Here's an example of what the grid looks like on a TG. The red cores are the DRAM reader cores and the purple cores are the receiver cores, ie the matmul cores.

Matmul

The prefetcher is designed to be paired up with a Matmul1D with the gather_in0 mode (where the activations are ring gathered instead of being mcasted, see details in #14964). For this matmul, both the activations and weights must be sharded. When combined with the prefetcher the Global CB is used as a synchronization mechanism (remote_cb_wait_front). This leads to a seamless overlap between the prefetcher writing weights into the matmul cores, and the matmul op consuming them.

However, since both the ops involve data movement across cores (prefetcher: writing to receiver cores, matmul: gathering activations), it is important to use separate NOCs to eliminate NOC congestion. As such, the matmul ring is ordered in a specific fashion, such that only NOC1 is used (see diagram above).

As seen above, the NOC1 matmul rings contains an extra core at 4,8, which is required to complete the ring while satisfying the constraint of only using NOC1. This core is called a hop_core. This PR also adds support in Matmul1D's gather_in0 mode to take in a list of hop_cores that are at the end of the ring. These cores are simply used for data movement and serve the purpose of completing the ring so that the activations can be gathered. As such, they are not involved in any computation.

Here are the results for the ring gather in a FF1 matmul measured on a 900 MHz WH machine. Although the NOC0/1 ring is faster by itself, the NOC1 only ring with hop_cores does not slow down due to interference from the prefetcher.

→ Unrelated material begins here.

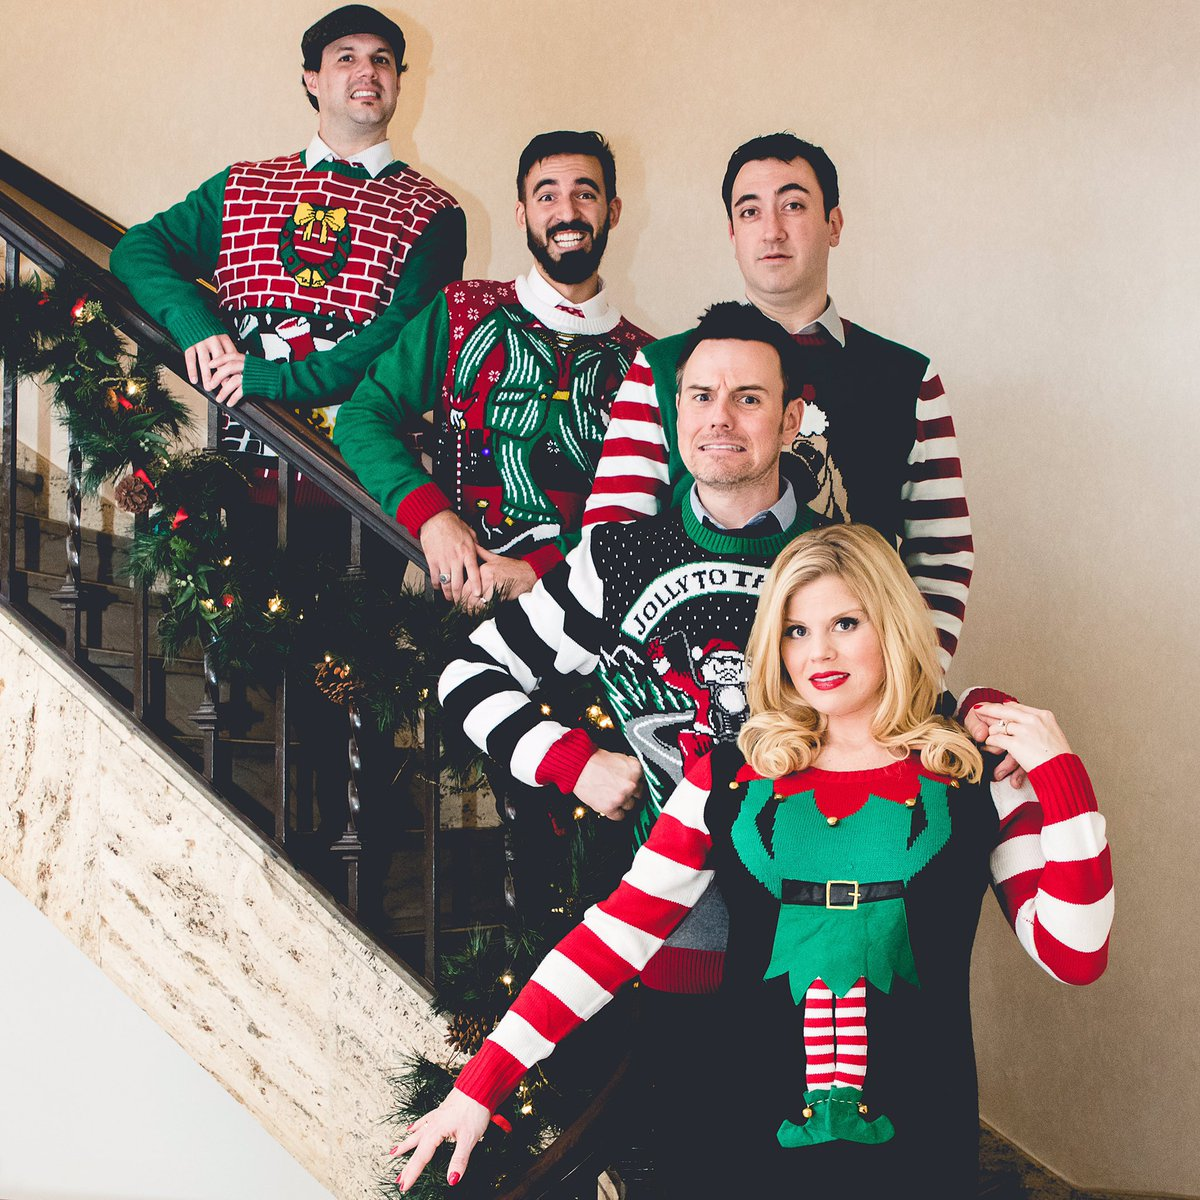 Things will get awkward this weekend at @FeinsteinsSF ! Fri-Sun #ChristmasTour2016 #AMerryLittleChristmas https://t.co/QIKbQBPlIg

Matmul	No interference (us)	With interference (us)	Slowdown due to interference
NOC0/1 ring	8.14	9.96	22.36%
NOC1 ring	8.67	8.78	1.27%

To handle different in1 tensor storage cases, the matmul compute kernel needs to manually handle the read pointers.
in the global CB, in1 tensor can have either contiguous allocation, or split into bottom and top parts, as it could reach the bottom of global Cb and wrap back to top of the CB. Each core can also start at different block ids, so a core can start reading from the top, then later read the bottom, and vice versa.

Putting it all together

To combine the prefetcher and the matmul, they each must run in their own SubDevice. The DRAM reader cores are placed in a SubDevice that is separate from the matmul cores. Once lauched, both these ops run in parallel, where the matmul stalls until it receives the weights from the prefetcher.

Checklist

Post commit CI passes https://github.com/tenstorrent/tt-metal/actions/runs/12656707082
Blackhole Post commit (if applicable)
Model regression CI testing passes (if applicable)
- T3K, same failures as main: https://github.com/tenstorrent/tt-metal/actions/runs/12658982507
Device performance regression CI testing passes (if applicable)
TG unit test https://github.com/tenstorrent/tt-metal/actions/runs/12656711112/job/35271026872

tt_metal/hw/firmware/src/brisck.cc

tt_metal/hw/firmware/src/ncrisck.cc

tt_metal/hw/firmware/src/trisck.cc

tt_metal/hw/inc/remote_circular_buffer_api.h

...erations/matmul/device/kernels/compute/bmm_large_block_zm_fused_bias_activation_gathered.cpp

ttnn/cpp/ttnn/operations/prefetcher/prefetcher/device/dram_prefetcher_op_multi_core.cpp

tt_metal/hw/inc/remote_circular_buffer_api.h

tt_metal/tt_stl/reflection.hpp

…s, and fails on n150/n300.

…t-commit tests for now.

…uldn't be.

…ce for vectors in prefetcher host code.

This reverts commit 8e405f1.

SeanNijjar

Didn't do too much deep dive before. Just nits and comments.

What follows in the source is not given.